Carrubbers Close Mission was founded in 1858 in Carrubbers Close, an alley leading off the Royal Mile in Edinburgh. It met in an old theatre, which came to be known as the Whitefield Chapel as George Whitefield had preached there but was originally known as “the celebrated cathedral of the prince of darkness”!’ The area around the Royal Mile was one of deep social deprivation and the mission was originally founded to reach out to children in the area, providing a Sabbath school for them but would grow to include all ages in its scope. The mission was founded by the Rev. James Gall, who was assisted by Alexander Jenkinson, who ran the Edinburgh and Leith Flint Glass Company, which was later known as “The Edinburgh Crystal Glass Company” and manufactured the cut glass known as Edinburgh Crystal, one of a series of public figures to be associated with the mission.

In 1859, a great evangelical revival occurred in Scotland, of which Carrubbers Close Mission was at the centre. From then and well into the twentieth century, daily evangelistic services took place at the mission.

These efforts had a significant social impact. Public records for the period 1859-1865 indicate the numbers of people arrested for drunkenness fell by half.


The reputation of Carrubbers Close Mission spread quickly and came to the attention of Dwight L Moddy [DL Moody], the American evangelist. He visited the mission and was impressed by what he saw. The same year the Whitefield Chapel was demolished and the mission found itself without a home. It would not have a permanent location until 1884. Moody approached Sir Alexander Simpson, then the President of the Mission. Simpson was a distinguished physician and Professor of Midwifery at Edinburgh University, who invested the obstetrics forceps and was the nephew of James Young Simpson [James Young Simpson] who demonstrated the anesthetic properties of chloroform. At Moody’s behest they hired a horse and cart and went through the streets collecting money for the mission. The fund raising effort raised around £10,000 (around £1m in today’s money).


In 1883, Moody laid the foundation stone of what is now 65 Hight Street. Beneath the foundation stone, he depositied a jar in the foundation containing a Bible, a history of the Mission, coins of the realm and the Edinburgh newspapers of the day.

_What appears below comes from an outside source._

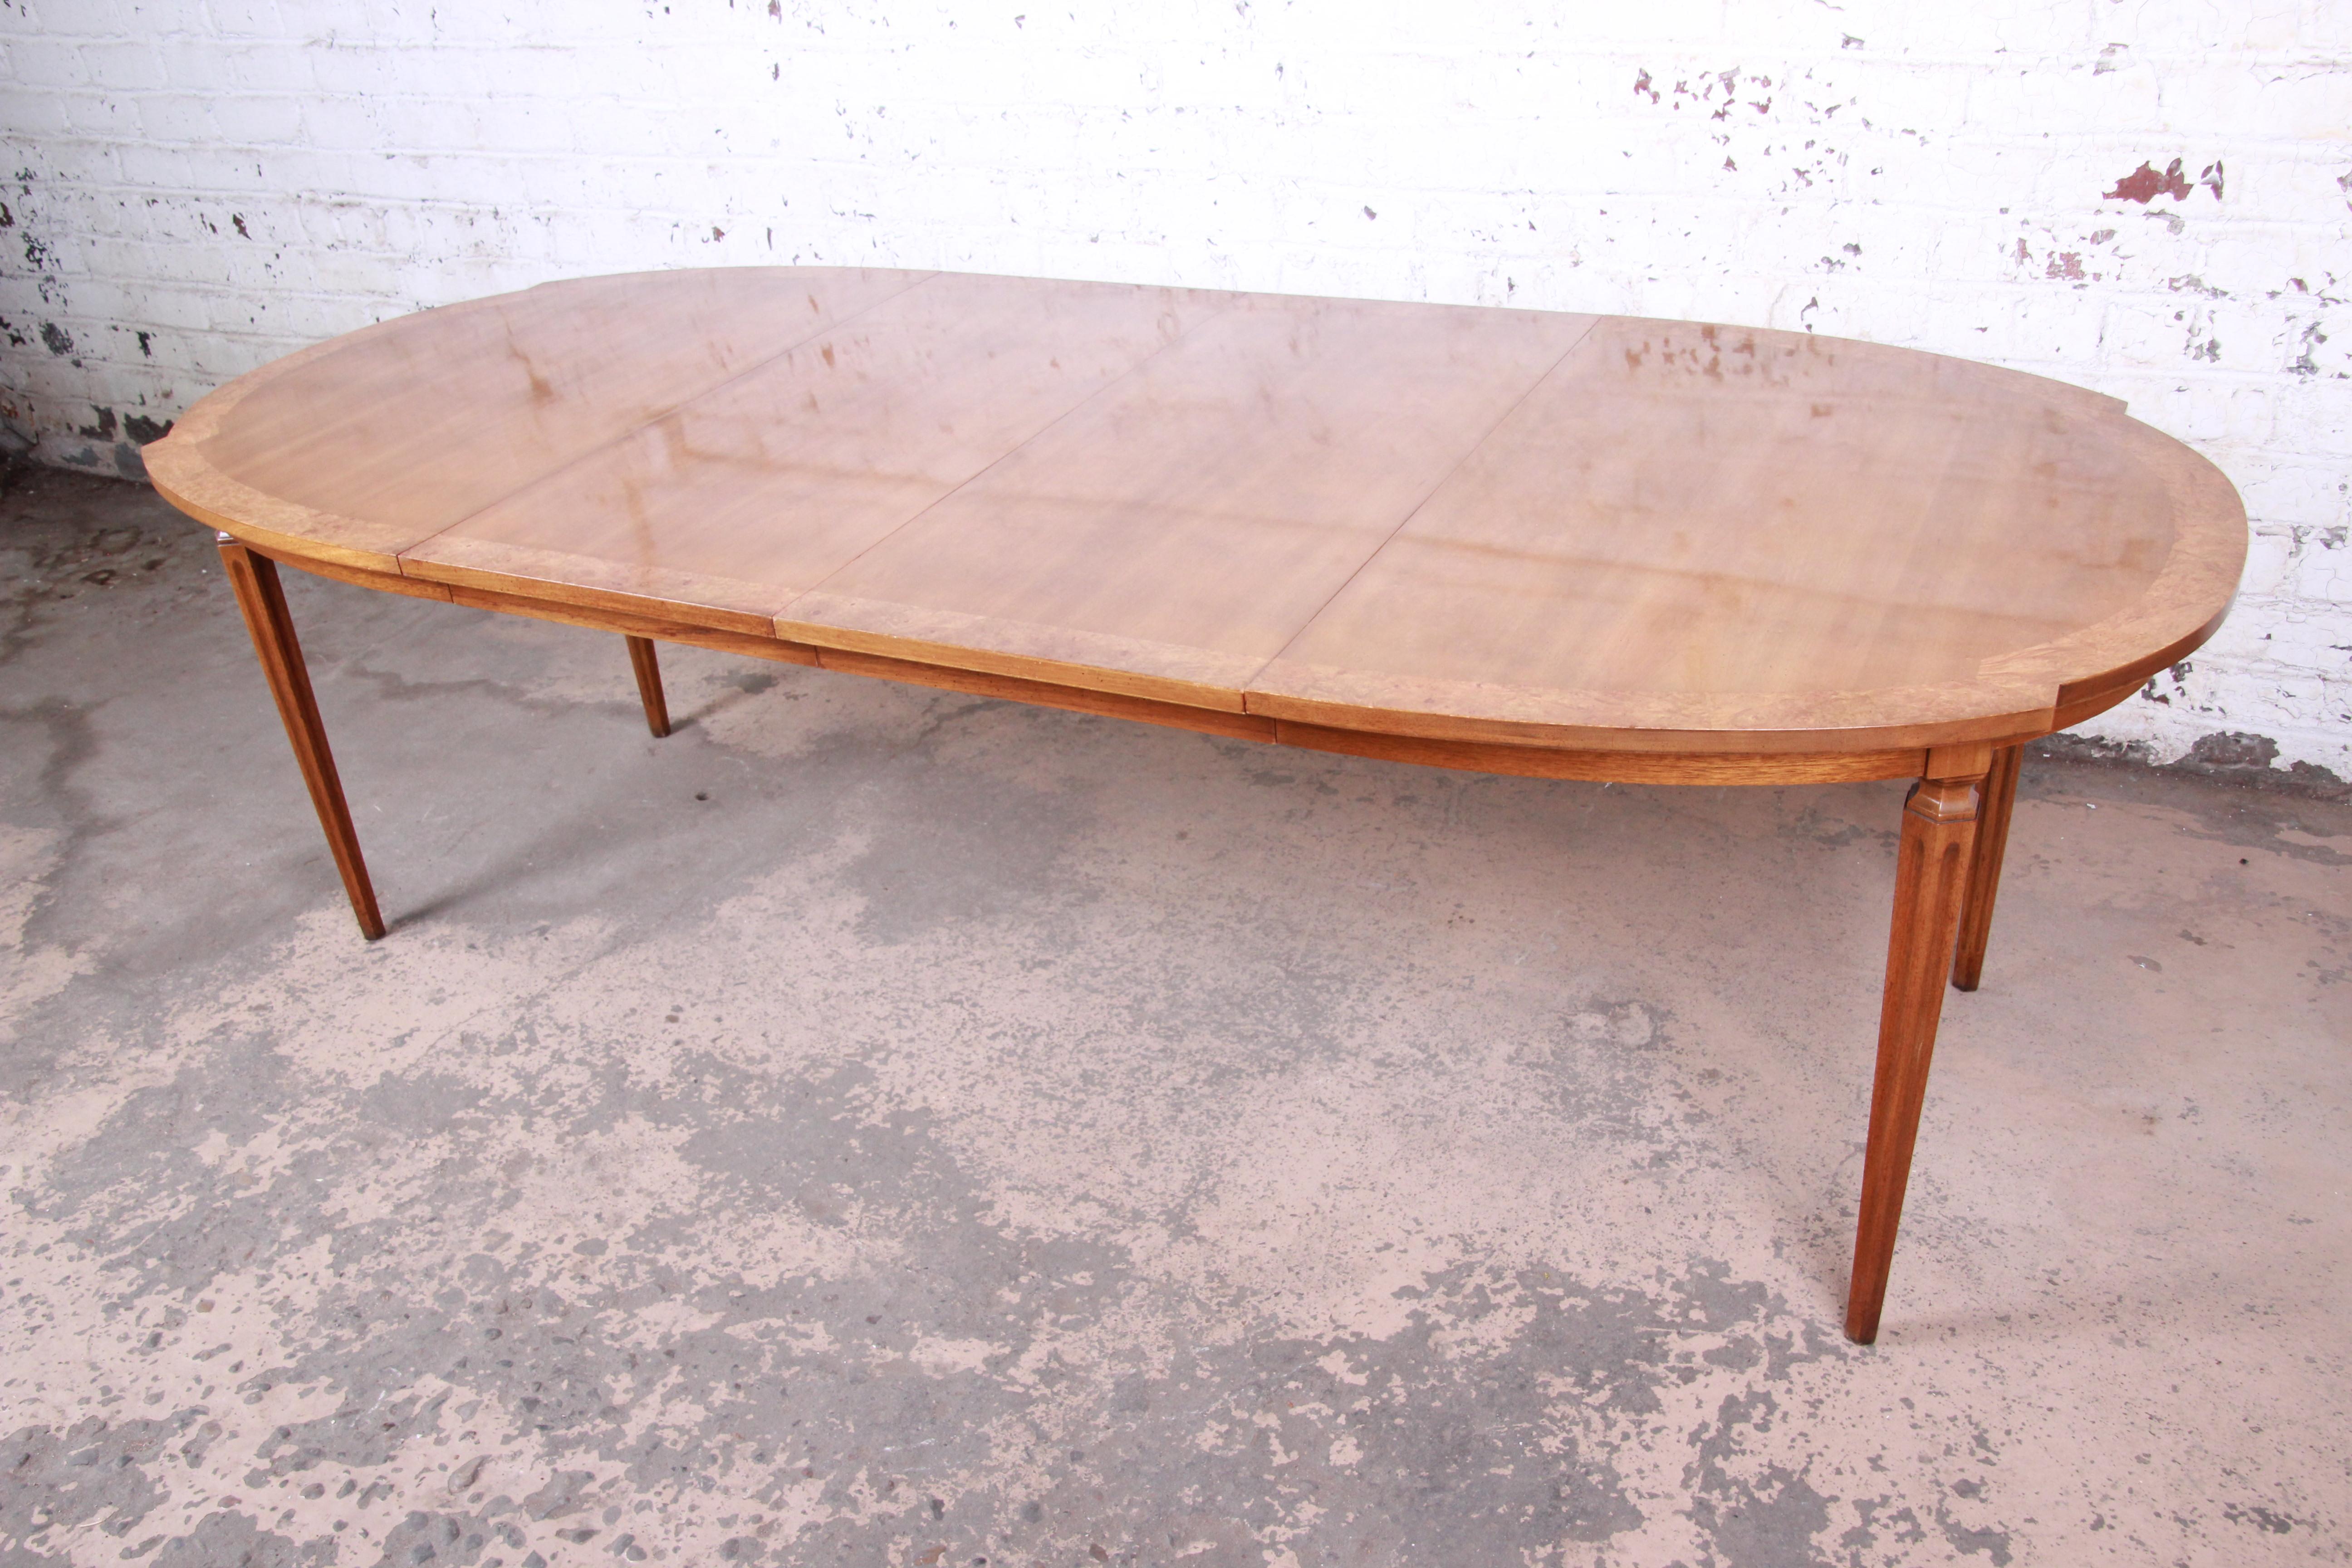 A gorgeous Mid-Century Modern Hollywood Regency extension dining table from the

The placing of the Bible under the cornerstone would set the tone for the culture of the mission, which to this day seeks to reach and Honour the World of God faithfully. Horatious Bonar, the hymnwriter, attended the ceremony and led in prayer.


The work of the mission continued over the next hundred and more years, spanning two world wars and hosting a number of famous evangelists, including Major Daniel Whittle, The story of Whittle’s conversion during the American Civil War and subsequent ministry can be found her. Other visiting evangelists include Billy Graham and local men Jock Toop and Seth Sykes. The American connect was maintained by the appointment of Wayne Sutton as Youth Pastor in XXXX. Wayne is now the Senior Pastor of the church.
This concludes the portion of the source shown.